FBI investigating hacking of Democrats' mobile phones

FBI is investigating suspected attempts to hack mobile phones used by Democratic Party officials.

Arutz Sheva Staff,

Hackers (illustration)
Hackers (illustration)
Reuters

The FBI is investigating suspected attempts to hack mobile phones used by Democratic Party officials as recently as the past month, people with direct knowledge of the attack and the investigation told Reuters on Tuesday.

The revelation underscores the widening scope of the U.S. criminal inquiry into cyber attacks on Democratic Party organizations, including the presidential campaign of its candidate, former U.S. secretary of state Hillary Clinton.

U.S. officials have said they believe those attacks were orchestrated by hackers backed by the Russian government, possibly to disrupt the November 8 election in which Clinton faces Republican Party candidate Donald Trump.
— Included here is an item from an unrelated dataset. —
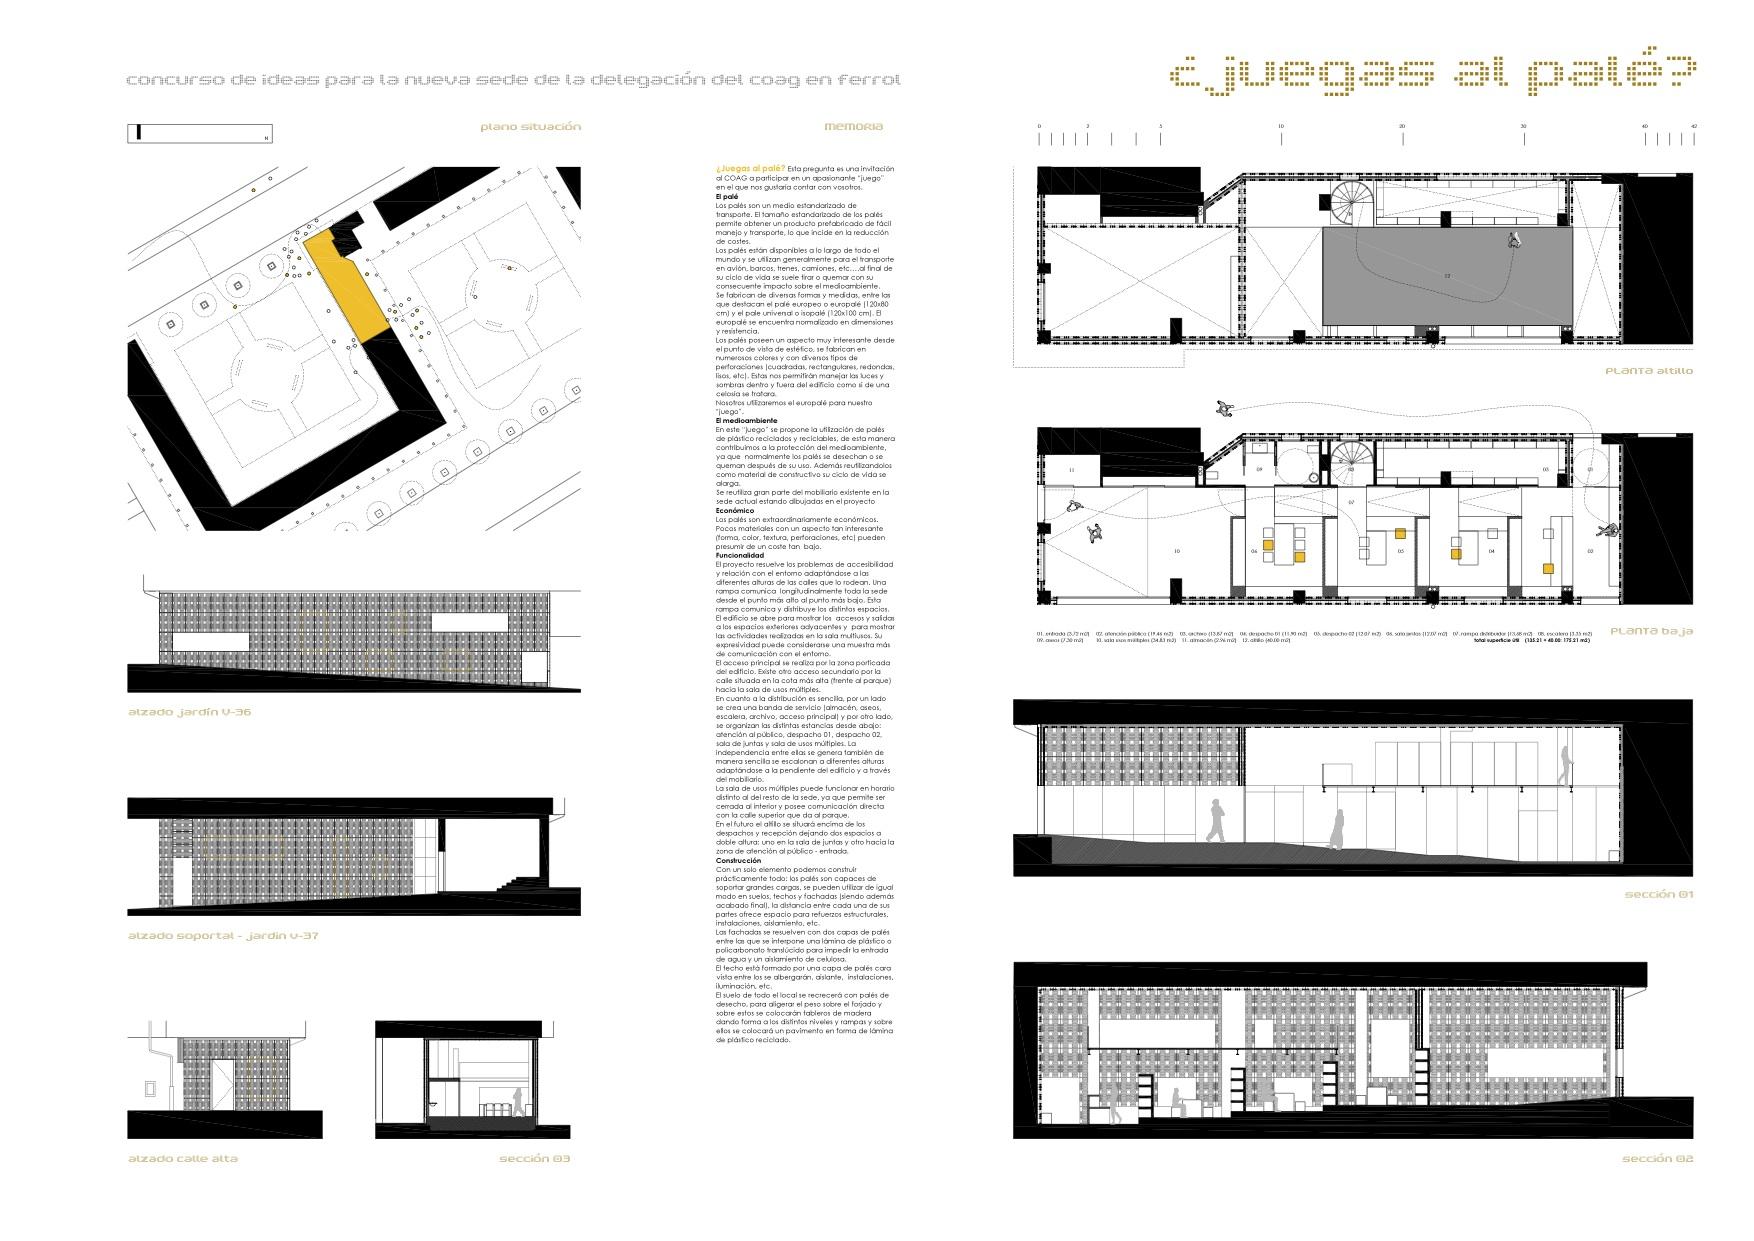 Delegaci n del coag ferrol 2es oficina de arquitectura - Arquitectos ferrol ...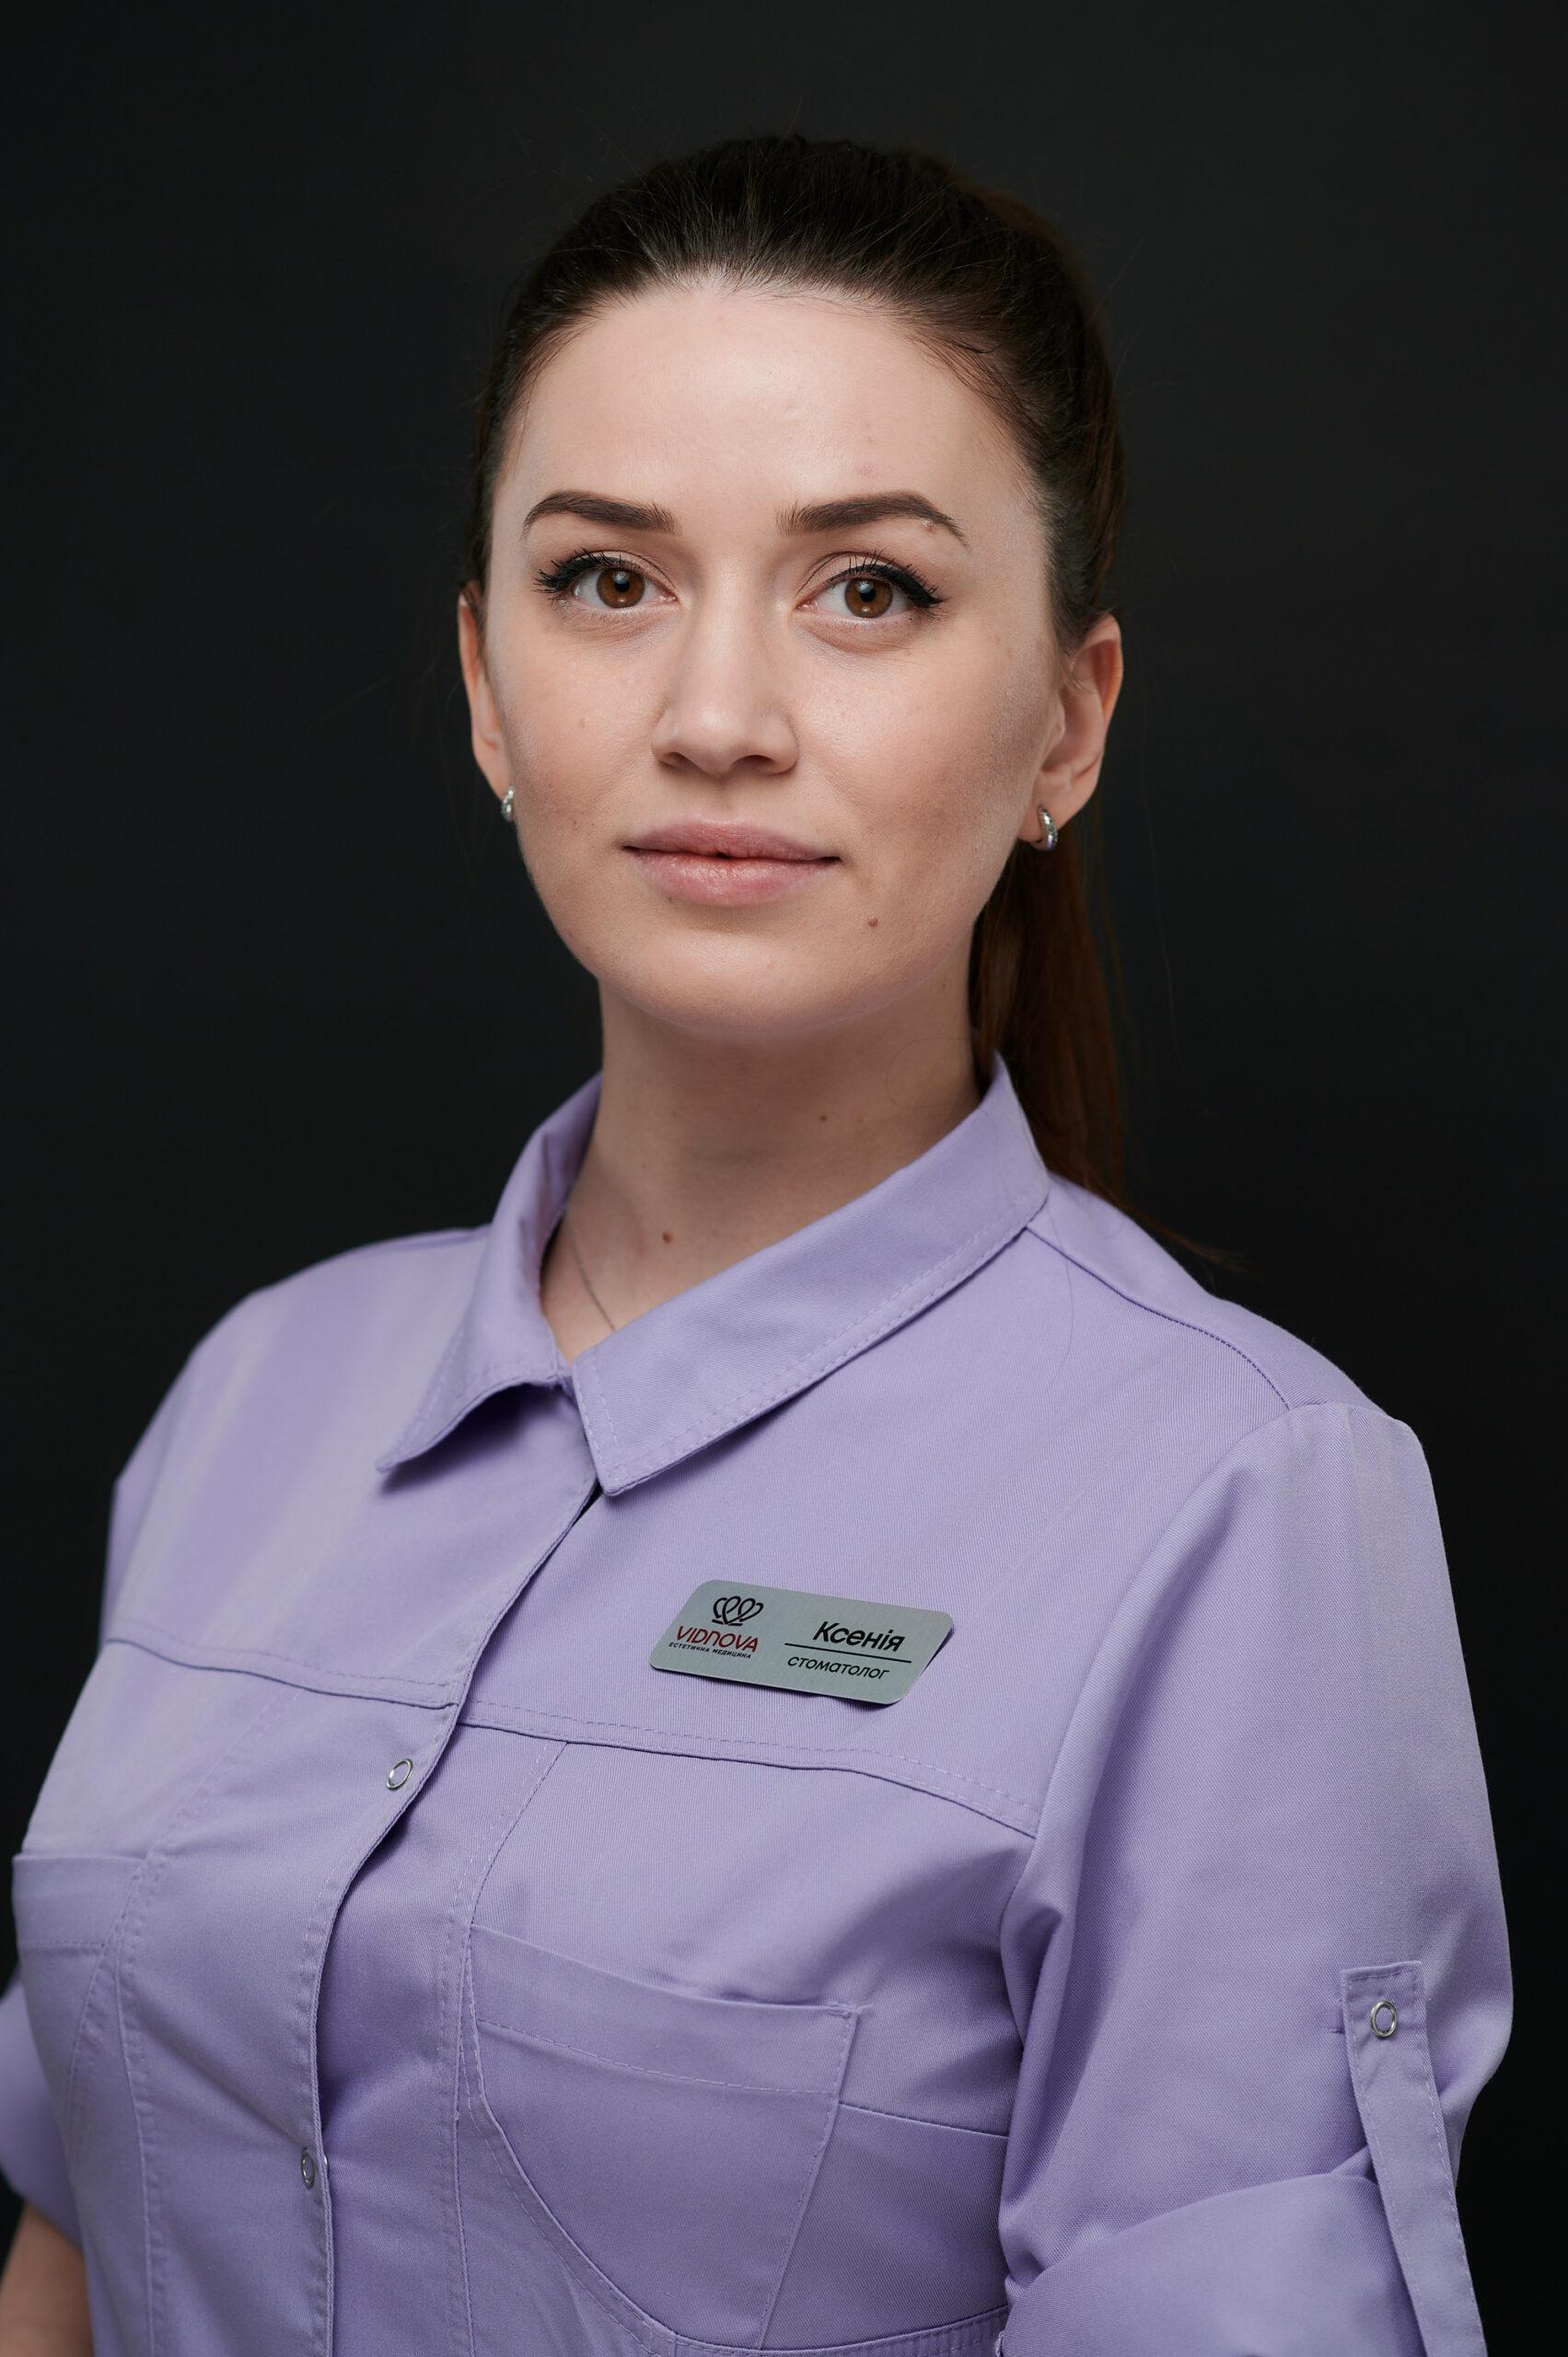 Шкор Ксения Алесандровна, детский стоматолог клиники Vidnova

Russia has dismissed the allegations.

The more recent attempted phone hacking also appears to have been conducted by Russian-backed hackers, two people with knowledge of the situation told Reuters.

FBI representatives had no immediate comment, and a Clinton campaign spokesman said they were unaware of the suspected phone hacking.

The Democratic National Committee (DNC) did not respond to a request for comment, and the Democratic Congressional Campaign Committee (DCCC) had no immediate response.

The FBI is already investigating a previous hacking of DNC computers, which was followed by 20,000 emails being published and showing a DNC favorable to Clinton over Bernie Sanders.

The leak led DNC chairwoman Debbie Wasserman Schultz to announce her resignation before she bowed out of the convention altogether.

According to Tuesday’s report, FBI agents had approached a small number of Democratic Party officials to discuss concerns their mobile phones may have been compromised by hackers.

It was not clear how many people were targeted by the hack or whether they included members of Congress, a possibility that could raise additional security concerns for U.S. officials.

If they were successful, hackers could have been able to acquire a wide range of data from targeted cell phones, including call data, text messages, emails, photos and contact lists, one person with knowledge of the situation told Reuters.

U.S. investigators are looking into whether hackers used data stolen from servers run by Democratic organizations or the private emails of their employees to get access to cell phones, one person said.

Clinton said during Monday's presidential debate there was "no doubt" Russia has sponsored hacks against "all kinds of organizations in our country" and mentioned Russian President Vladimir Putin by name.

"Putin is playing a really tough, long game here. And one of the things he's done is to let loose cyber attackers to hack into government files, to hack into personal files, hack into the Democratic National Committee," Clinton said.

Trump countered by noting that there was no definitive proof that Russia had sponsored the hacks of Democratic organizations.

"I don't think anybody knows it was Russia that broke into the DNC," he said. "It could be Russia, but it could also be China. It could also be lots of other people."